Chai and colleagues conducted a two-component study to determine the feasibility of using robots in a hospital setting. The first component was an assessment of patient experiences and satisfaction with in-hospital robot interactions conducted at Brigham and Women’s. The second was a national survey to query people regarding how willing they would be to have robotic interactions in the hospital. The survey expanded on the work in which the robots could be utilized beyond triage to include nasal swabbing, inserting catheters, or repositioning patients in bed.
Patient satisfaction was assessed in real-world robotic encounters with 40 middle-age patients. Most of the patients were white women, and almost two-thirds had some higher education. The study was conducted from April to August 2020.
“In total, 37 participants (92.5%) reported being satisfied with the robotic system, and 34 participants (85.0%) were also satisfied with their interaction with the clinician who used the robotic system to facilitate the interview,” Chai and colleagues reported. “A total of 38 participants (95.0%) were satisfied with the video quality of the robotic system. Despite experiencing an ED environment that can be loud and chaotic, 35 participants (87.5%) reported that the on-board audio quality was satisfactory for understanding questions and interacting with the clinician.”
Interestingly, most of the patients (82.5%) found “their robot-facilitated interaction with the clinician to be as satisfactory as a traditional in-person encounter.” The information provided was deemed understandable even though the physician was not physically present by 35 of the participants.
Would the participants be back?
Most (85%) said they found the robot care acceptable, and 92% would “be willing to interact with a robotic system in the future.”
And the survey says?
The researchers invited 3,223 people to participate in the national online survey from Aug. 18 to Aug. 21, 2020 — of these, 1,154 participants completed all questions (35% participation). “After sample matching, a nationally representative sample of 1,000 participants (mean [SD] age, 48.7 [17.0] years; 535 women [53.5%]) was included in the analysis. Similar to the in-person robotic encounter study, most of the participants (53.5%) were female; 71.9% were White; and 67.7% attended colleges or grad school.
“We selected 6 questions that reflected health care tasks with which robotic systems may assist during the Covid-19 pandemic: facilitating a telehealth interview, acquiring contactless vital signs, placing an intravenous catheter, performing phlebotomy, obtaining nasal and oral swabs, and turning a patient in bed from their back to their abdomen (i.e., proning),” Chai and colleges wrote.
A large proportion of survey respondents identified the robot as “somewhat useful” for the six categories:
- Facilitating telehealth interviews (37.3%).
- Acquiring vital signs (35.0%).
- Obtaining nasal of oral swabs (30.7%).
- Placing an intravenous catheter (22.8%).
- Performing phlebotomy (24.9%).
- Turning a patient in bed (37.1%).
Other respondents, meanwhile, found the robot to be “extremely useful”:
- Facilitating telehealth interviews (28.7%).
- Acquiring vital signs (41.3%).
- Obtaining nasal or oral swabs (19.2%).
- Placing an intravenous catheter (15.9%).

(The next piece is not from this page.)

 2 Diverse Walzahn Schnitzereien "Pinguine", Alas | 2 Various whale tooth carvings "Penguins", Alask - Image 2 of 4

- Performing phlebotomy (16.7%).
- Turning a patient in bed (37.1%).
Chai and colleagues note that while there have been other studies looking at the use of robots in the healthcare setting, such as for rounding, there are some barriers that have been identified, “associated with technical support and unclear acceptance of these systems for use in clinical care.” Nonetheless, and even though they encountered some communication issues, “In the present cohort study, we were able to train emergency medical professionals in the operation of a robotic system and integrate the system into our existing telehealth platform to facilitate contactless triage interviews in the ED. Unlike inpatient settings, the ED setting presents distinct challenges with regard to navigating robotic systems through chaotic environments and interacting with patients in various locations.”
In the midst of a pandemic, the study authors noted that use of robotic systems could reduce Covid-19 transmission, as well as conserve personal protective equipment.

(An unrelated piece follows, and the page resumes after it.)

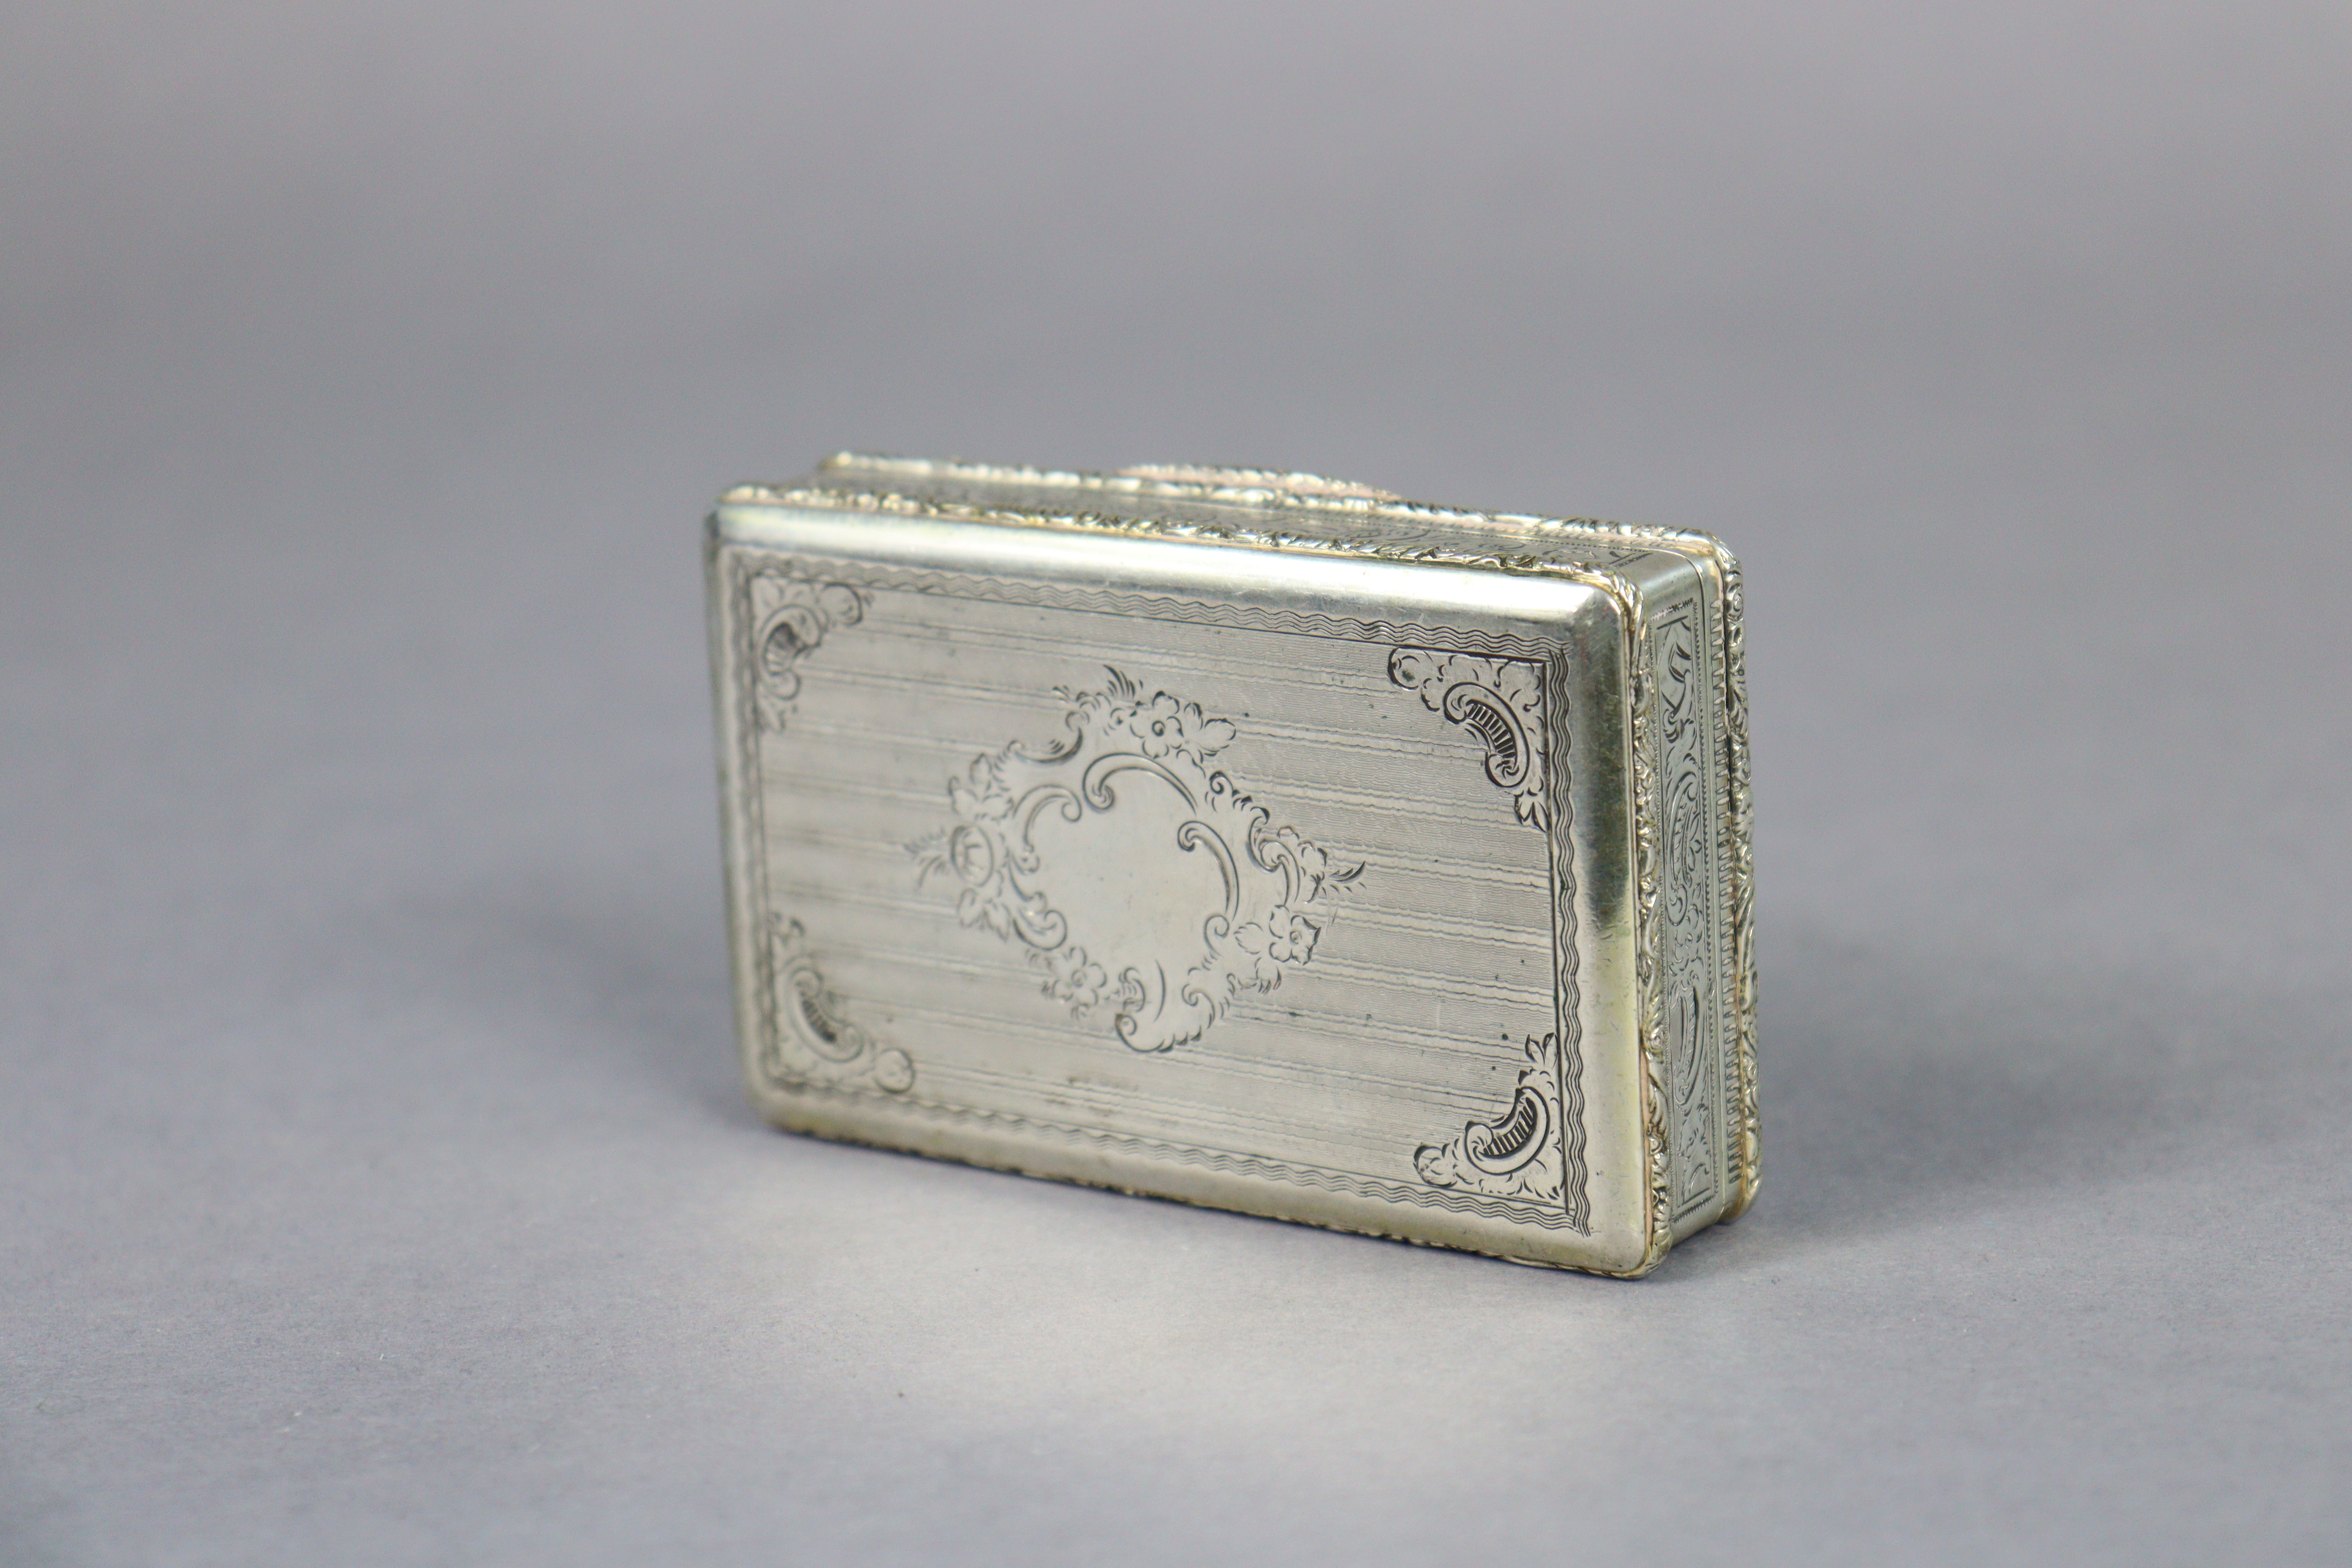 A mid-19th century Austro-Hungarian silver rectangular snuff box with all-over engraved floral & - Image 6 of 6

The study, however, is not without limitations. The internet survey is an opt-in survey and, despite using sample matching and weight adjustment methods, could not exclude biases. The survey respondents were predominantly White, and the in-hospital cohort were in a single-center location. And, finally, they did not collect demographic data on those who declined to participate, and thus selection bias may have been introduced.
A robot equipped with telehealth capabilities, as well as the ability to take vital signs, could be helpful in clinical settings to increase contactless triage and thus mitigate the spread of Covid-19 or other infectious diseases.
Be aware that this was a feasibility study that was conducted at a single site.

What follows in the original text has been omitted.